VISTA la nota acquisita al prot. Autorità n. 32150 del 30/4/2020, con cui l’Agenzia del Demanio, Direzione di Roma Capitale, ha richiesto un parere in merito all’applicazione della disciplina sull’accesso agli atti di gara di cui alla legge 241/90 in caso di inversione procedimentale ai sensi del combinato disposto degli articoli 1, comma 3, del decreto-legge n. 32/2019, convertito con modificazioni dalla legge n.  55/2019, e 133, comma 8, del decreto legislativo n. 50/2016, che consente di posticipare l’esame della documentazione amministrativa e la verifica dei requisiti di ammissione, all’esito dell’esame delle offerte tecniche ed economiche.

VISTI l’articolo 133, comma 8, del decreto legislativo n. 50/2016 e l’articolo 1, comma 3, del decreto-legge n. 32/2019, convertito con modificazioni dalla legge n.  55/2019;

VISTA la legge 7 agosto 1990, n. 241.


DELIBERA


In sede di conversione del decreto legge n. 32/2019, la legge n. 55/2019 ha disposto che «fino al 31/12/2020 si applica anche ai settori ordinari la norma prevista dall’articolo 133 comma 8, del decreto legislativo 18/04/2016 n. 50 per i settori speciali». Per effetto di tale previsione, le stazioni appaltanti possono decidere che le offerte saranno esaminate prima della verifica dell’idoneità degli offerenti.

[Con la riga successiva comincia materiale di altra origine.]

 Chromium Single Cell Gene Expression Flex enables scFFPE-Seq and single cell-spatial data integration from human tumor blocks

Tale facoltà può essere esercitata se specificamente prevista nel bando di gara o nell’avviso con cui si indice la gara. L’articolo 133 prevede, altresì, che se si avvalgono di tale possibilità, le amministrazioni aggiudicatrici garantiscono che la verifica dell’assenza di motivi di esclusione e del rispetto dei criteri di selezione sia effettuata in maniera imparziale e trasparente, in modo che nessun appalto sia aggiudicato a un offerente che avrebbe dovuto essere escluso per la carenza dei requisiti generali o che non soddisfa i criteri di selezione stabiliti dall’amministrazione aggiudicatrice.

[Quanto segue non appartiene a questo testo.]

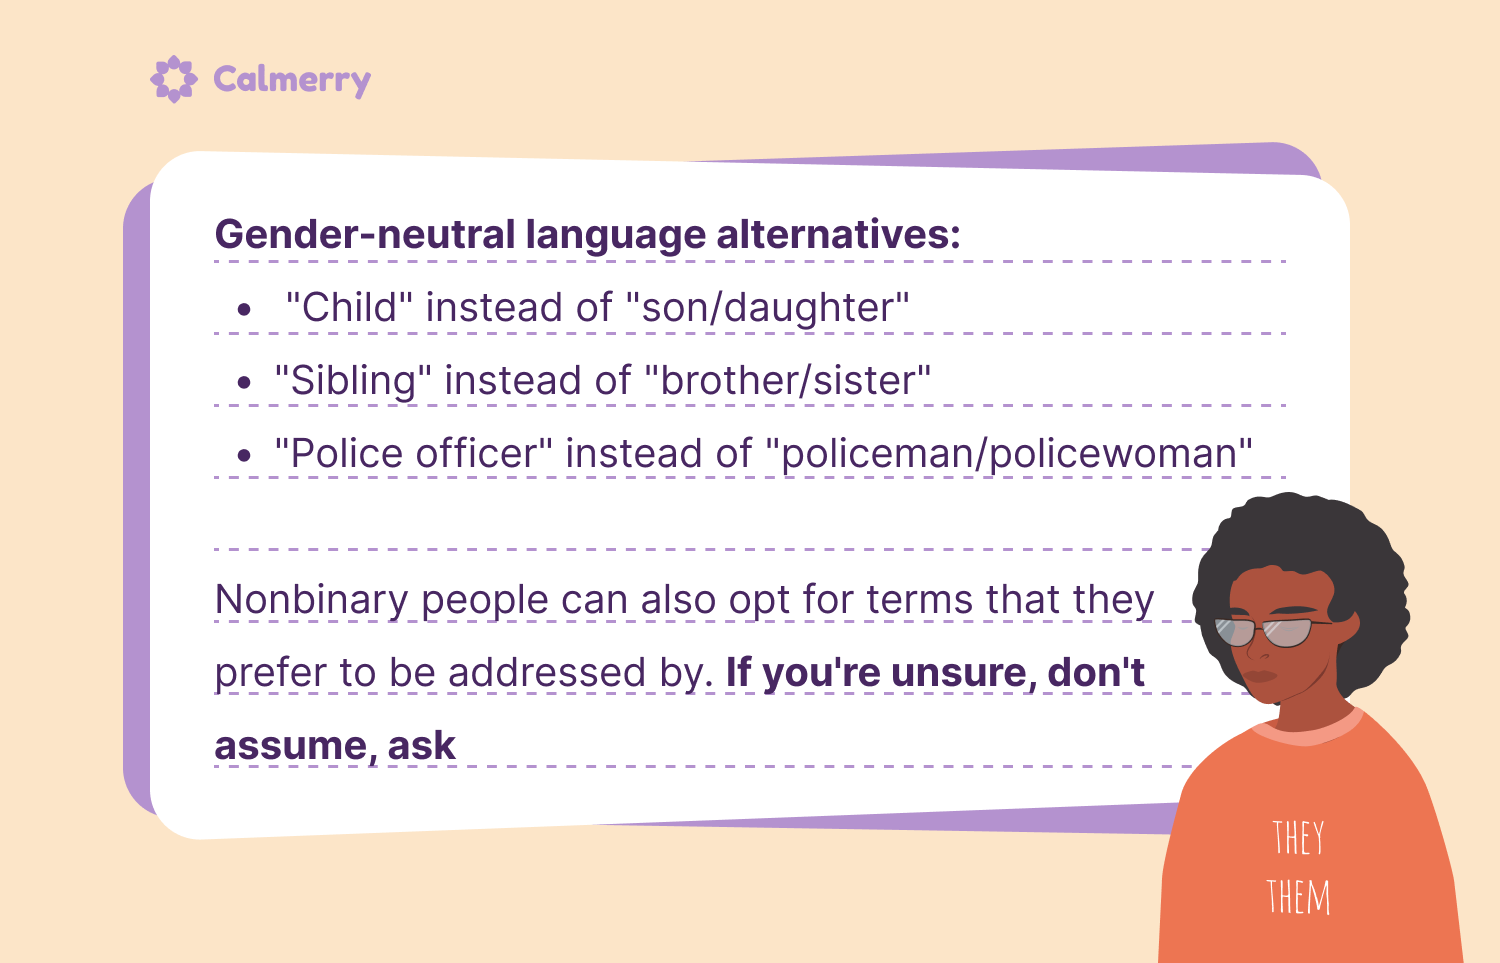 Using gender-neutral language can be more inclusive toward nonbinary people

La facoltà consentita dall’articolo 133 del codice dei contratti pubblici, preordinata alla semplificazione e all’accelerazione delle procedure di aggiudicazione, non può giustificare la deroga alla normativa vigente in materia di accesso ai documenti amministrativi, che costituisce principio generale dell’attività amministrativa volto a favorire la partecipazione e assicurarne l’imparzialità e la trasparenza.
Resta tuttavia inteso che il diritto di accesso, in via generale, deve essere differito ad un momento successivo in cui esso risulta possibile senza arrecare pregiudizio o lesione del principio di segretezza.

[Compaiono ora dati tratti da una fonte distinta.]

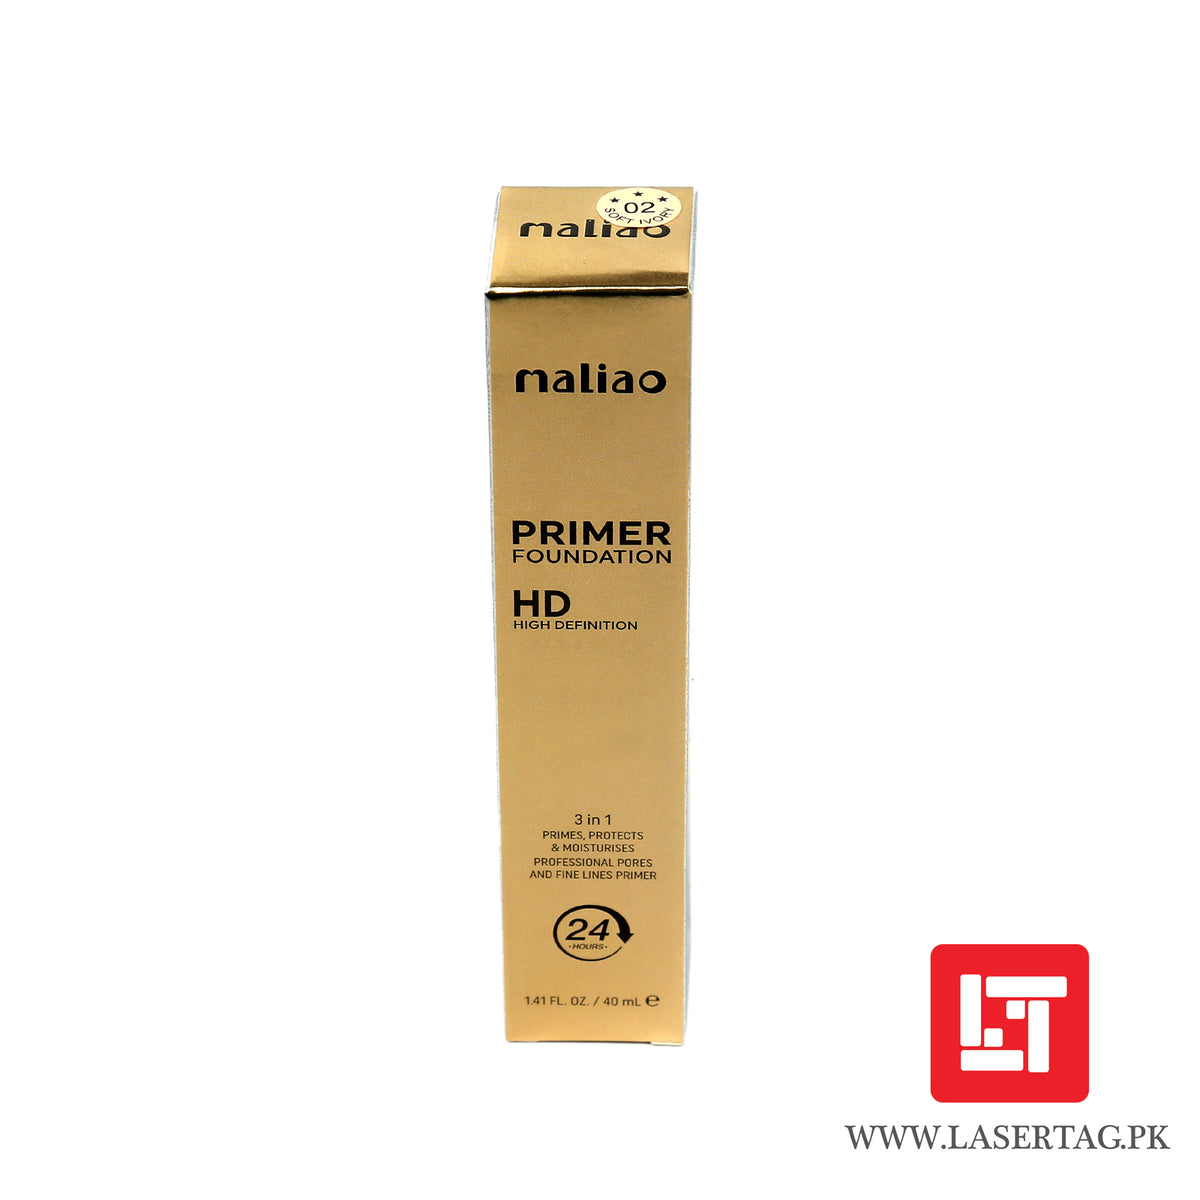 Maliao Primer Foundation HD High Definition 3 In 1 PRimes, Protects &amp; Moisturises Soft Ivory M175-02 40ml freeshipping - lasertag.pk

Pertanto, al ricorrere dei presupposti previsti dalla legge n. 241/90, tra cui l’interesse concreto ed attuale dell’istante, la stazione appaltante dovrà consentire l’accesso ai documenti comprovanti il possesso dei requisiti di partecipazione, anche nel caso in cui gli stessi non siano stati oggetto di verifica per effetto dell’inversione procedimentale, ovvero differire lo stesso al momento in cui esso risulta possibile, nei termini anzidetti.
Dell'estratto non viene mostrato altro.